■ **WHAT THE TASK REQUIRES**:
From the line with "RL, CSP, CSE" down to the final line of the material, please transcribe everything exactly, but leave the pictures out.

■ **SUPPLIED INFORMATION**:
☆ ☆ ☆
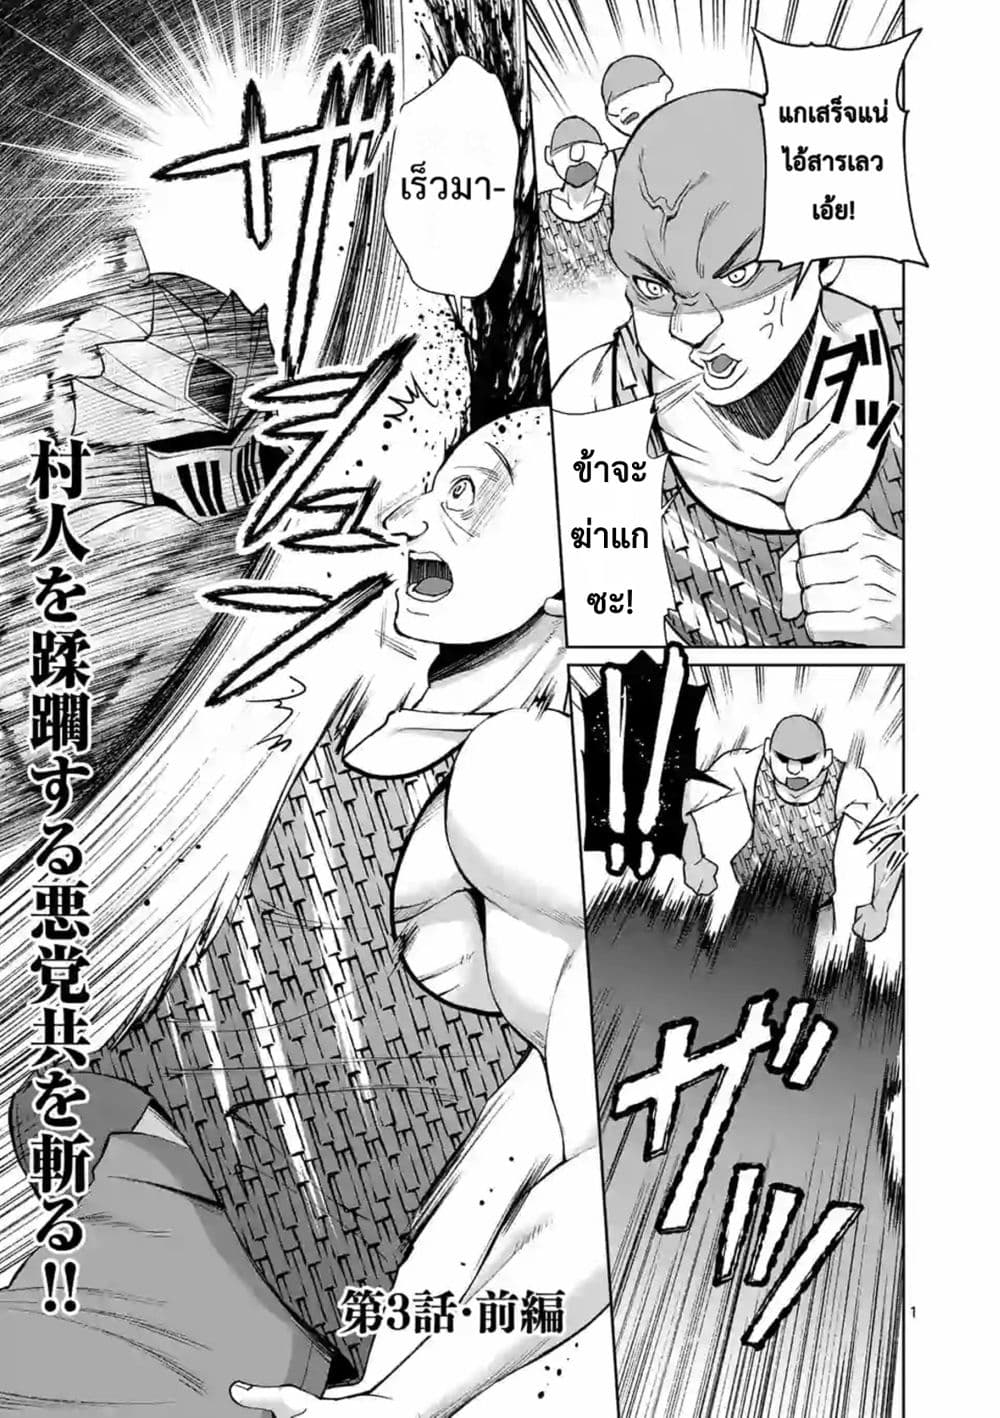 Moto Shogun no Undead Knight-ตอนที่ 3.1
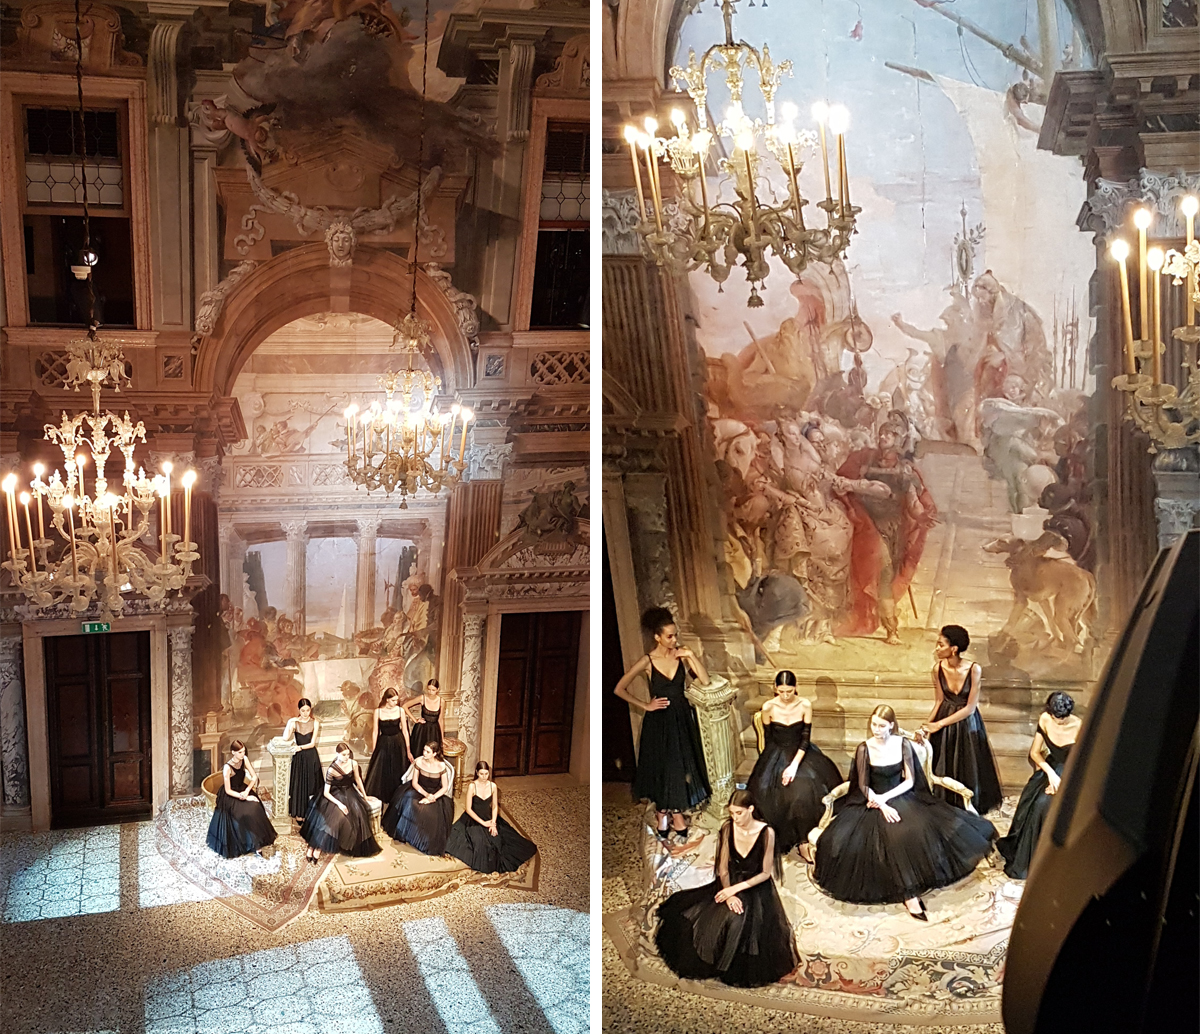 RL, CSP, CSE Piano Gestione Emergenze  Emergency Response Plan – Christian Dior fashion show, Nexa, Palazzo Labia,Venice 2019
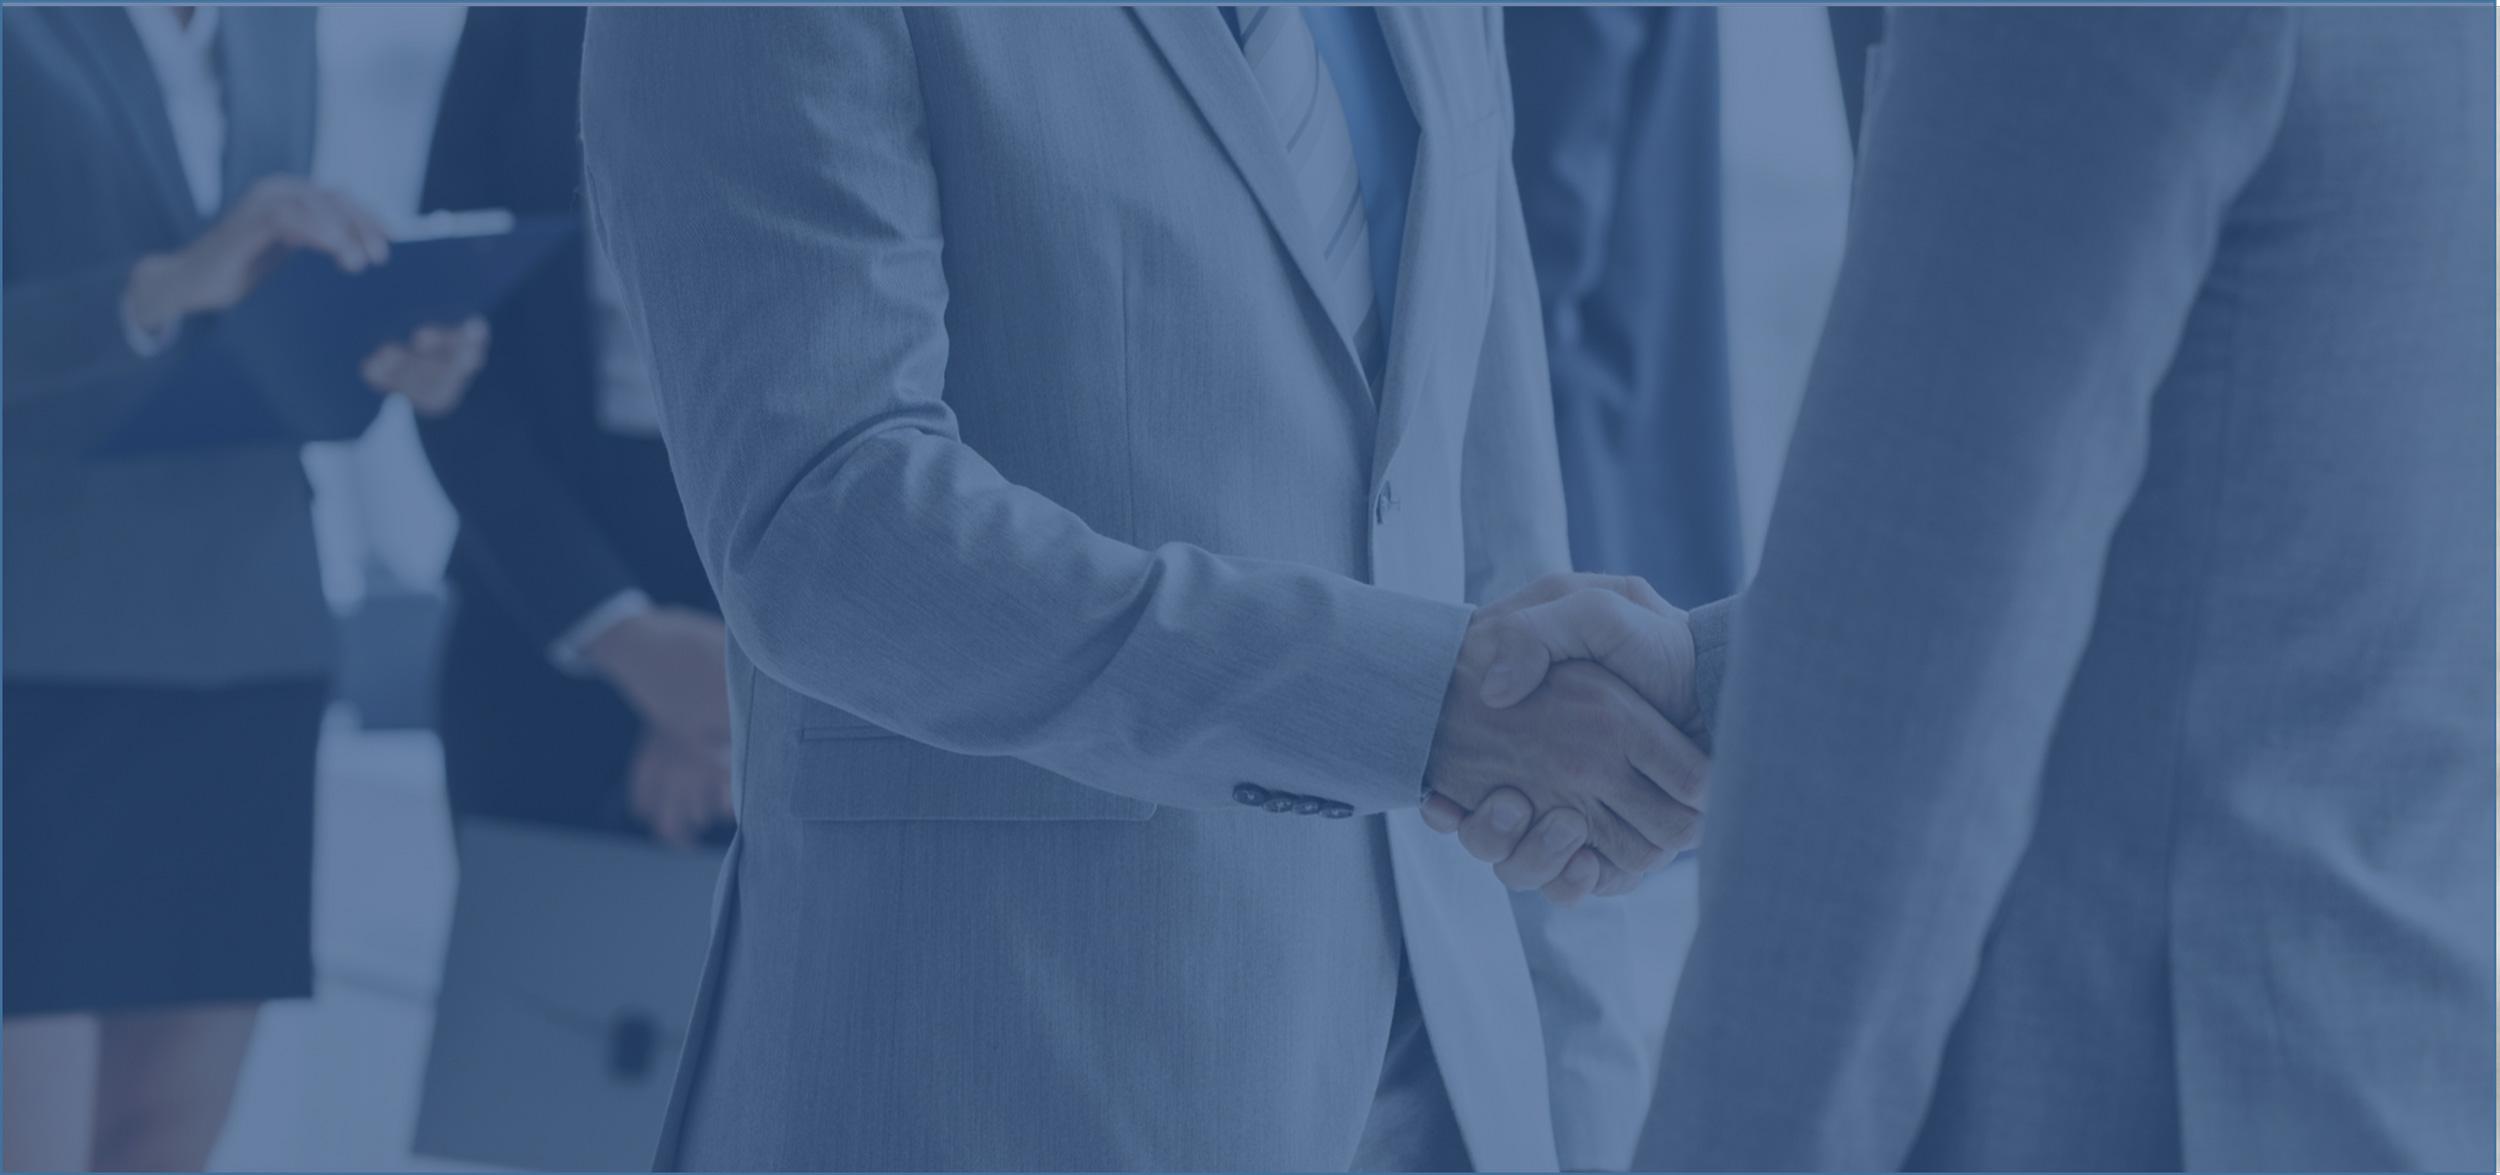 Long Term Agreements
☆ ☆ ☆
■ **OUTPUT OF THE TASK**:
 RL, CSP, CSE Piano Gestione Emergenze  Emergency Response Plan – Christian Dior fashion show, Nexa, Palazzo Labia,Venice 2019
 Long Term Agreements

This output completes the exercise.